A local measure of the returns to scale incorporated in a production function is given by the scale elasticity \(e_{q, t}=\partial f(t k, t l) / \partial t \cdot t / q\) evaluated at \(t=1\) a. Show that if the production function exhibits constant returns to scale, then \(e_{q, t}=1\) b. We can define the output elasticities of the inputs \(k\) and \(l\) as $$\begin{array}{l} e_{q, k}=\frac{\partial f(k, l)}{\partial k} \cdot \frac{k}{q} \\ e_{q, l}=\frac{\partial f(k, l)}{\partial l} \cdot \frac{l}{q} \end{array}$$ Show that \(e_{q, t}=e_{q, k}+e_{q, l}\) c. A function that exhibits variable scale elasticity is $$q=\left(1+k^{-1} l^{-1}\right)^{-1}$$ Show that, for this function, \(e_{q, t}>1\) for \(q<0.5\) and that \(e_{q, t}<1\) for \(q>0.5\) d. Explain your results from part (c) intuitively. Hint: Does \(q\) have an upper bound for this production function?

Suppose we are given the constant returns-to-scale CES production function \\[ q=\left(k^{\rho}+l^{\rho}\right)^{1 / \rho} \\] a. Show that \(M P_{k}=(q / k)^{1-\rho}\) and \(M P_{l}=(q / l)^{1-\rho}\) b. Show that \(R T S=(k / l)^{1-\rho} ;\) use this to show that \\[ \sigma=1 /(1-\rho) \\] c. Determine the output elasticities for \(k\) and \(l ;\) and show that their sum equals 1 d.
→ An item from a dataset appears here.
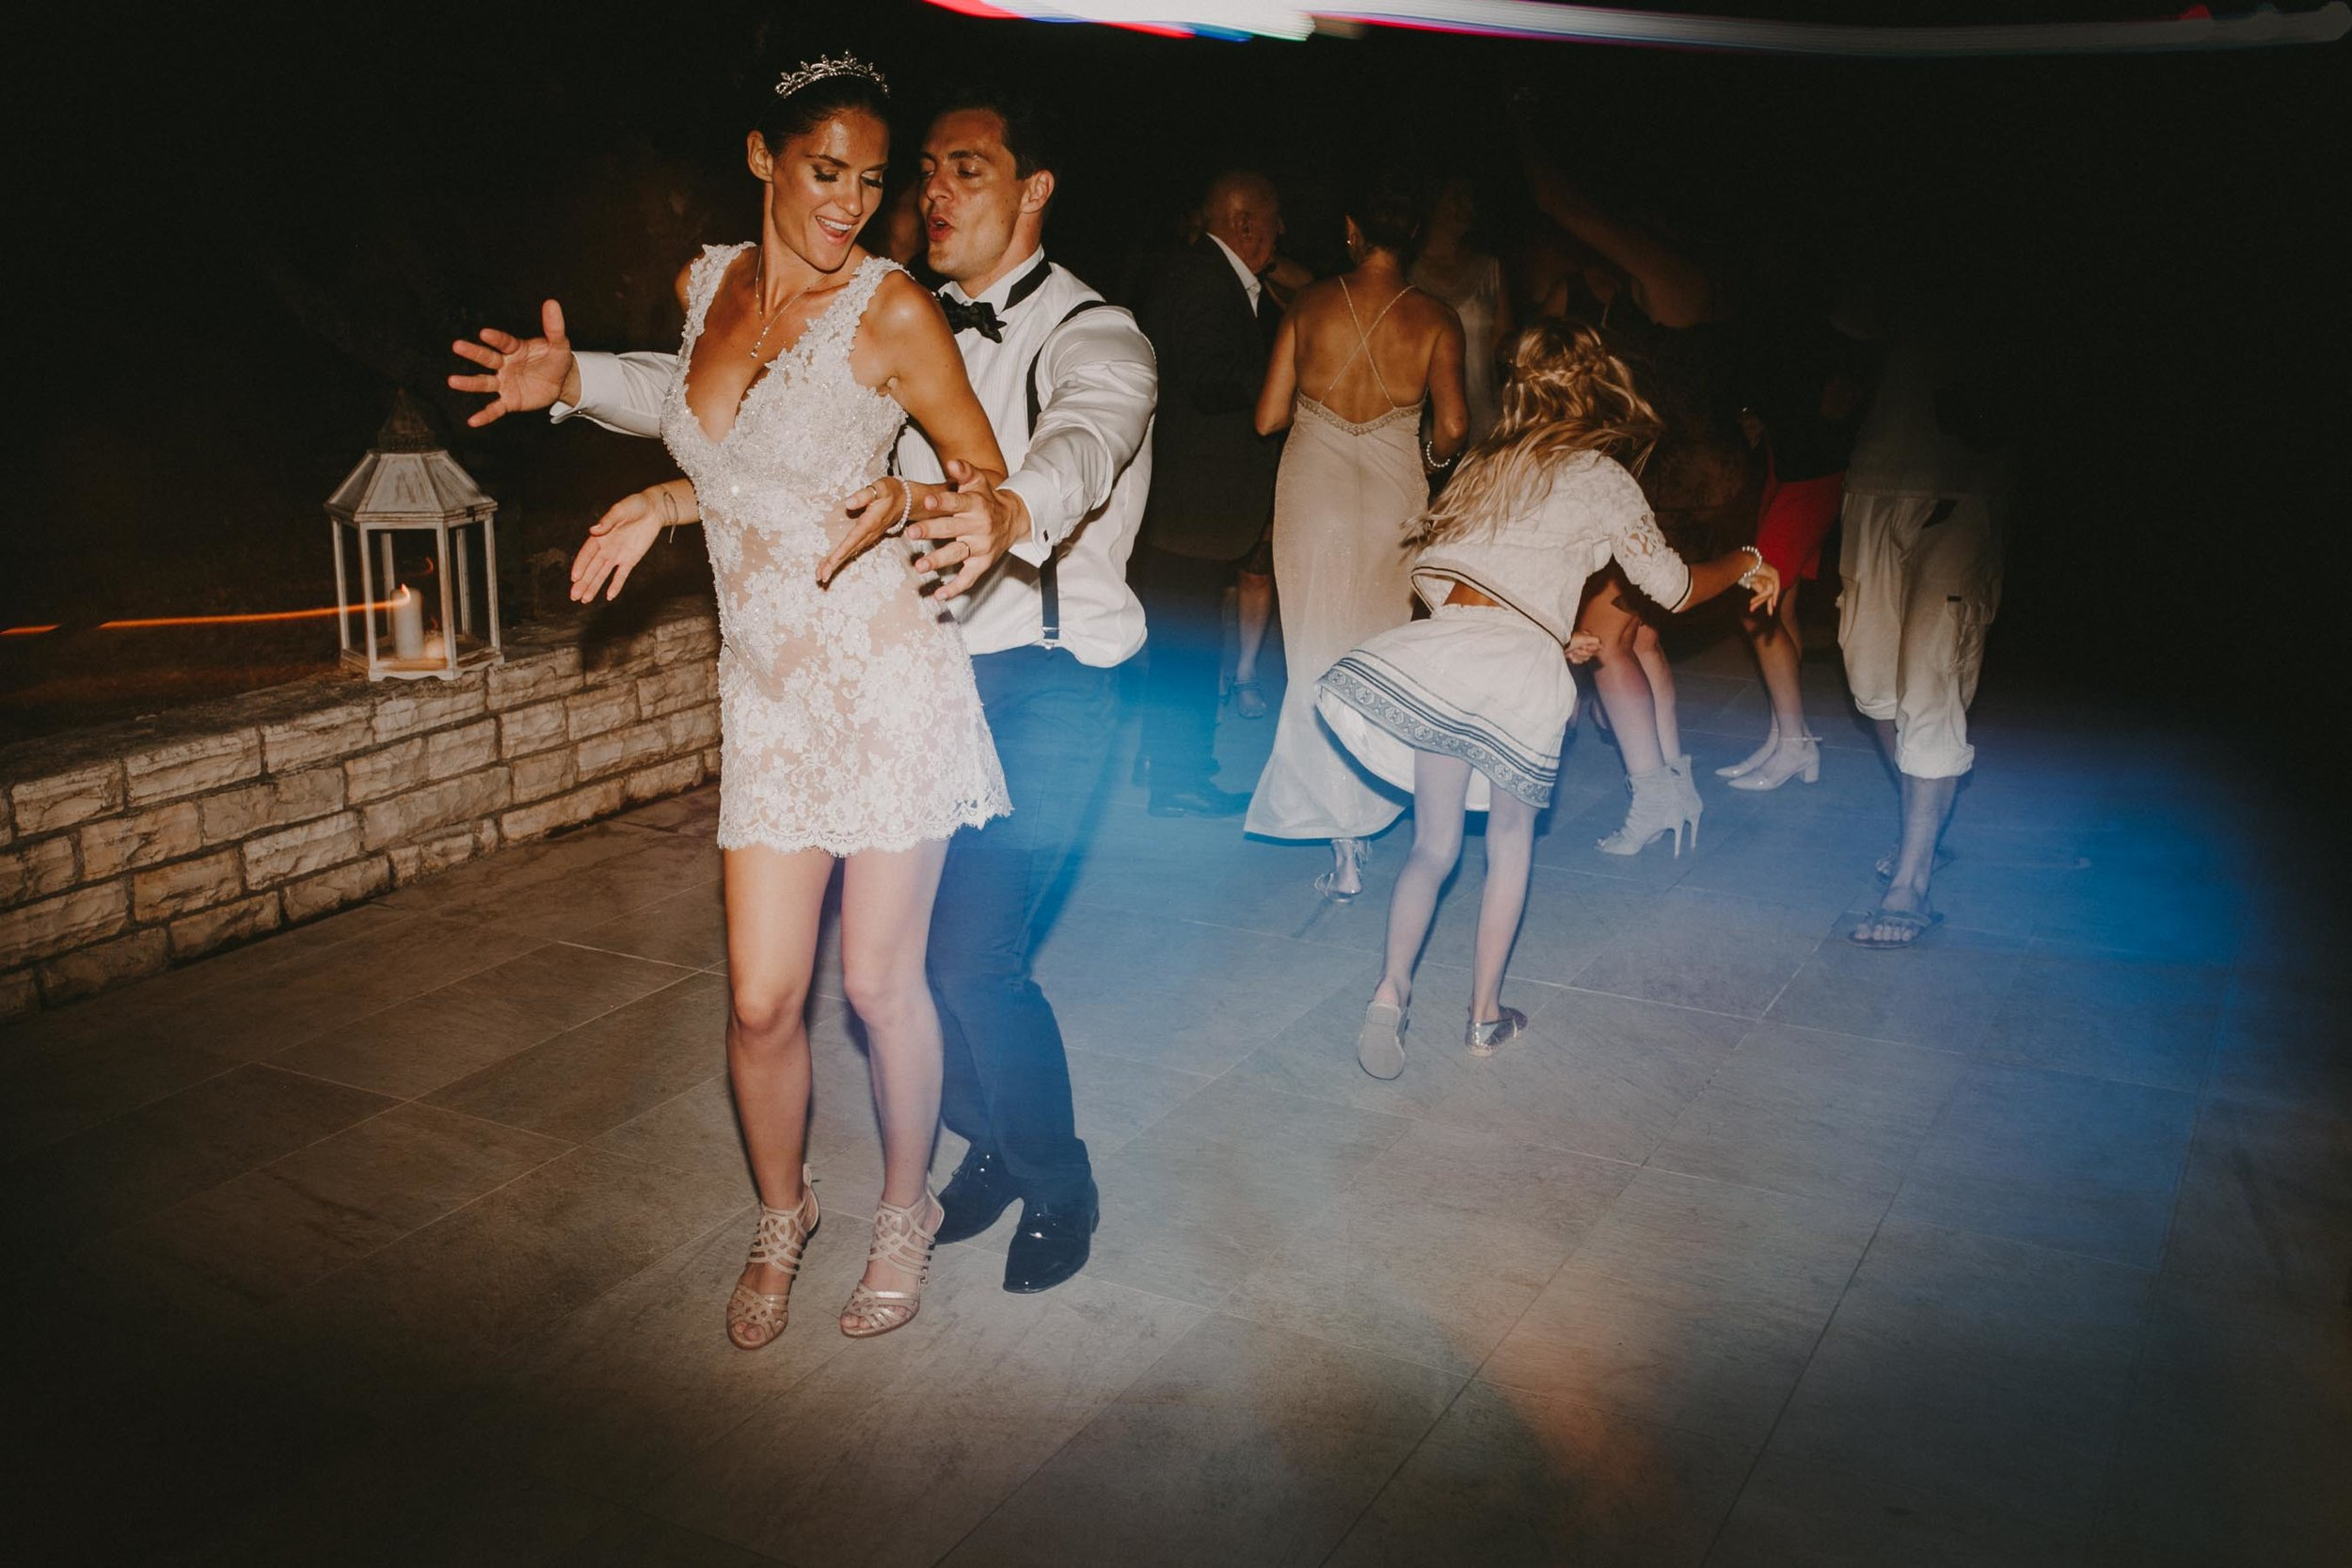 sylvia&dimitri-Wedding-Crvena_Luka-Croatia-119(0050).jpg

Prove that \\[ \frac{q}{l}=\left(\frac{\partial q}{\partial l}\right)^{\sigma} \\] and hence that \\[ \ln \left(\frac{q}{l}\right)=\sigma \ln \left(\frac{\partial q}{\partial l}\right) \\] Note: The latter equality is useful in empirical work because we may approximate \(\partial q / \partial l\) by the competitively determined wage rate. Hence \(\sigma\) can be estimated from a regression of \(\ln (q / I)\) on \(\ln w\).